In the wake of the embarrassing failure when David Trimble, the Ulster Unionist Party leader, rejected the IRA’s gesture due to what he saw as its lack of “transparency,” the taoiseach, Bertie Ahern, and Tony Blair, the British prime minister, claimed that they knew the scope of the gesture but were prevented by a confidentiality clause from revealing the details.
According to Blair, de Chastelain “gives us certain information — not the full information — but certain information to us, as the two governments. Although we are not at liberty to disclose that information without his [de Chastelain’s] permission, we are working hard to try to find a way in which we can do so because I believe, on the basis of what we know, that people would be satisfied if they knew the full details.”
This week, Ahern repeated the claim on RTE when he told a reporter that he has “more detail than I can say.”
However, de Chastelain last week told a delegation of the Democratic Unionist Party: “The only people who know what went on are Andy [Sens, the American representative on the IICD], the IRA and myself. We didn’t give details to the P.M.s. The IRA only allowed us to admit there was more than the last.
“I gave them no more detail than I gave you,” he told the delegation, which included the party leader, the Rev. Ian Paisley, and his deputy, Peter Robinson.
At the same time, legal experts are disputing that there was any legal foundation to de Chastelain’s claim that he could not disclose details of the IRA’s gesture because of a commitment to confidentiality.
In an interview with the BBC, Austin Morgan, who is an authority on the legislation surrounding the Good Friday agreement, outlined the legal background to the setting up of the IICD: “Now there are three documents. The first one is an international agreement between the UK and the Irish state, of 1997, which established the Independent International Commission on Decommissioning. That’s the general’s organization. Now that was set up by the two governments and he is responsible to the two governments. Following that, Westminster and also the Oireachtas in Dublin legislated it, but essentially all they were doing was drawing domestic consequences of an international organization having been set up by the two governments to address the question of decommissioning and, by the way, this was done during the multi-party talks.”

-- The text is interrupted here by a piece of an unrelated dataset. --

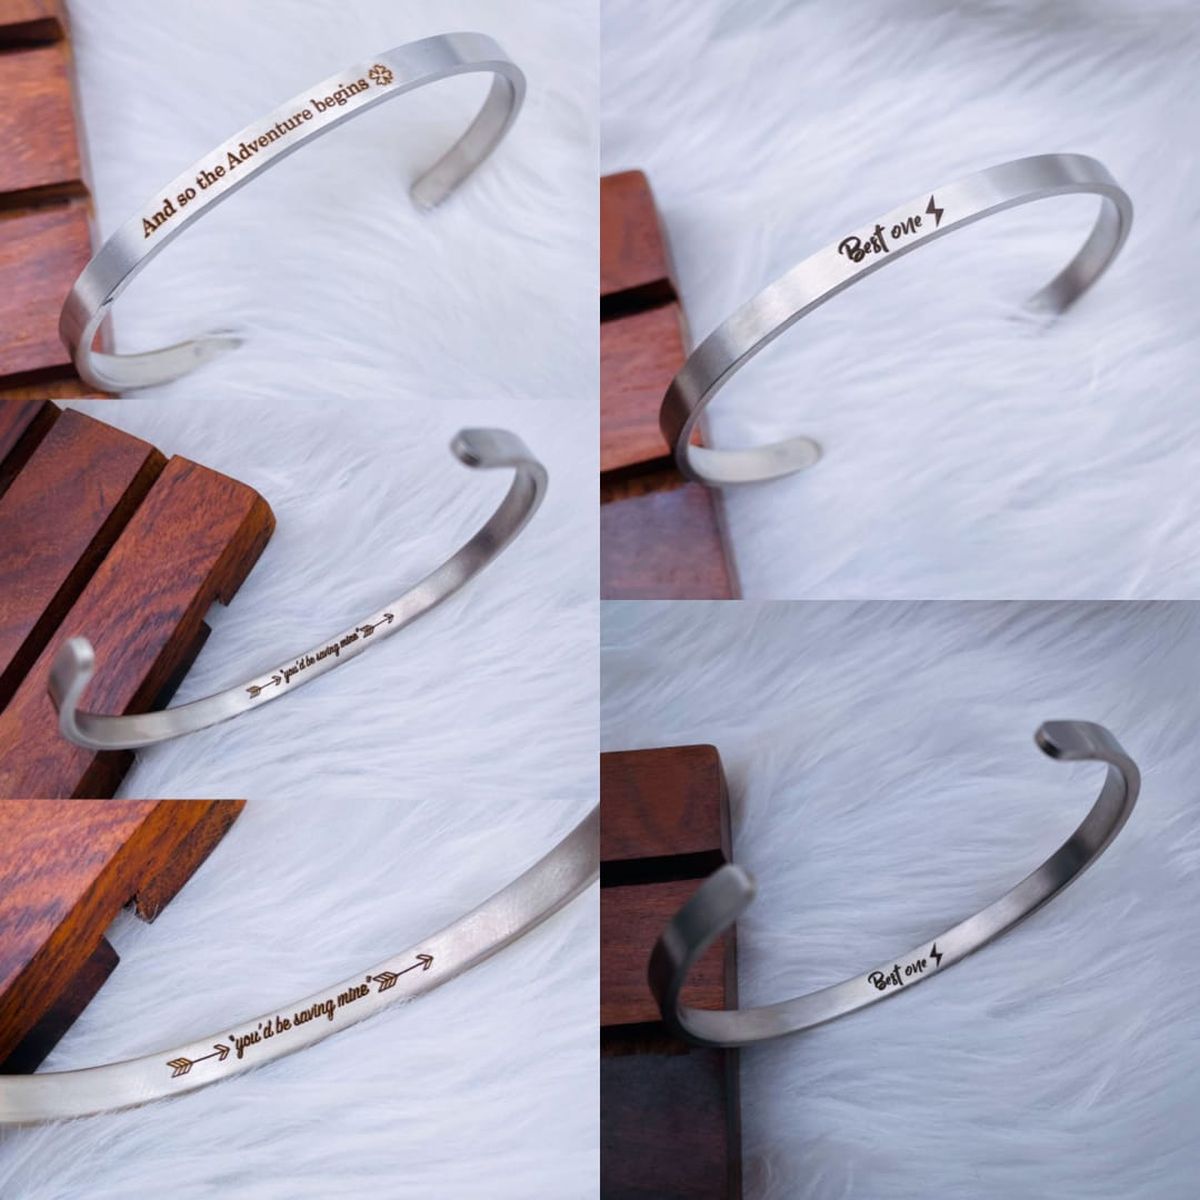 5mm Matte Finish 316 Surgical Stainless Steel Customized Personalised Laser Engraved Free Size Cuff Kada Bangle Bracelet Unisex

Morgan added: “The decommissioning commission has nothing at all to do with the Belfast agreement, it is referred to therein but the three documents we’re talking about, namely the international agreement, the UK legislation and the Irish legislation are all separate from the Belfast agreement.”

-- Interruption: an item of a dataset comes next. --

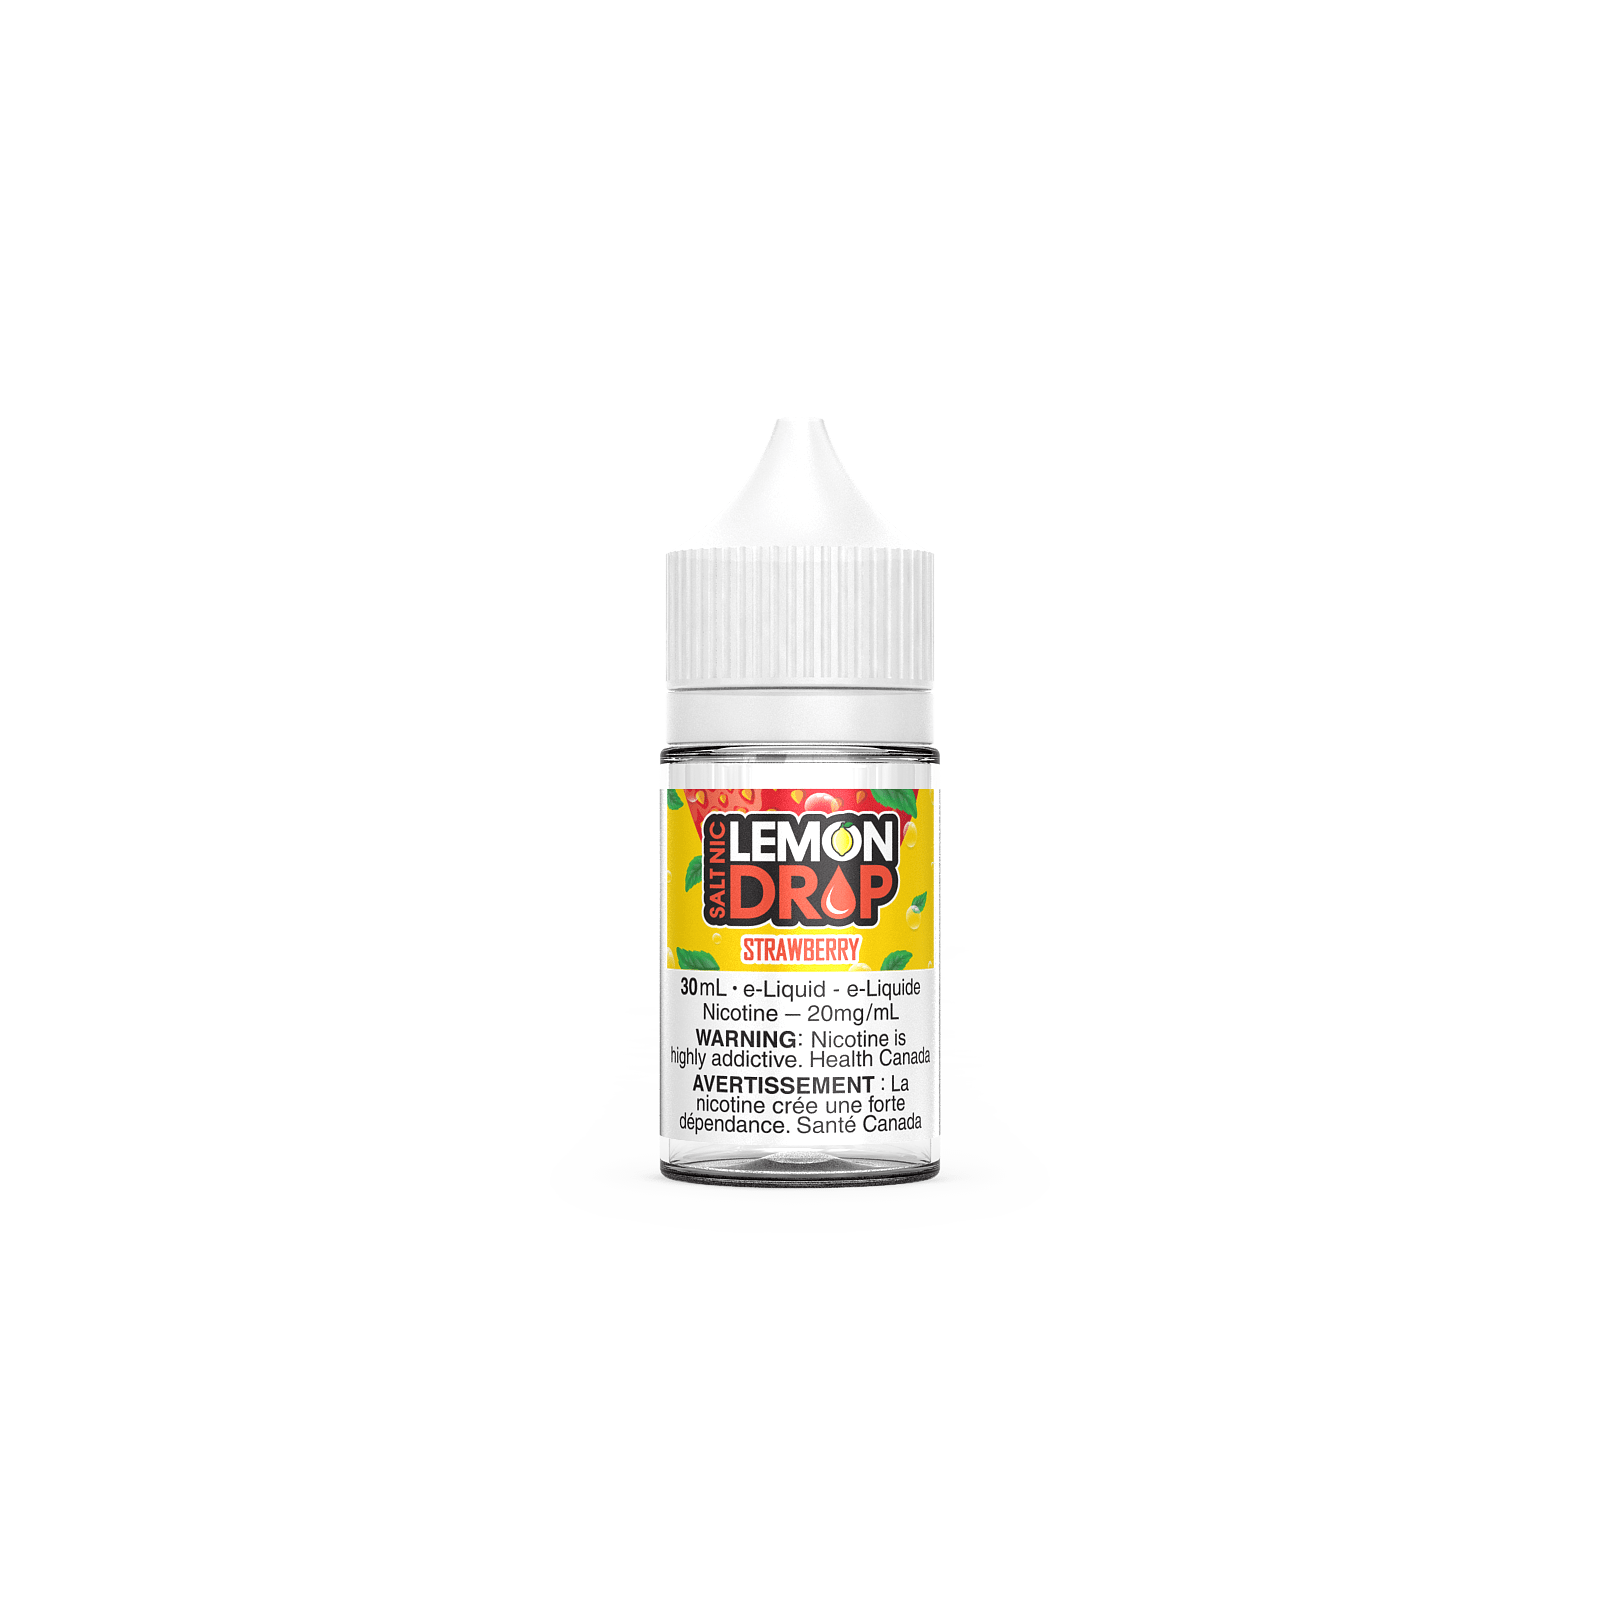 Lemon Drop Salt - Strawberry available on Canada online vape shop

According to Morgan, the parties “accepted that immunity would be granted to the paramilitaries holding the arms . . . so I think that the idea of confidentiality is that the general’s not allowed essentially to wear his chairman’s hat when he’s taking the guns and then wear his good citizen’s hat and help subsequently prosecute someone for holding weapons.”
In Morgan’s view confidentiality is a “question of honor, it’s not a question of law.”
Sources close to the British government said that the confidentiality commitment was arrived at between de Chastelain and the IRA representative who met with the IICD chairman to discuss the mode of decommissioning. The IRA, London believes, imposed it on de Chastelain as a way of protecting the leadership against anger from IRA volunteers who were involved in the acquisition of the arms over the years.
After his meeting with de Chastelain, Paisley issued a statement accusing the British prime minister of being “a liar” by claiming to know more than he did about the decommissioning act. At the time, in the wake of what one insider called a “fiasco,” Blair was eager to indicate that the IRA act was a truly significant one and would meet Unionist demands if only more information about it were made public.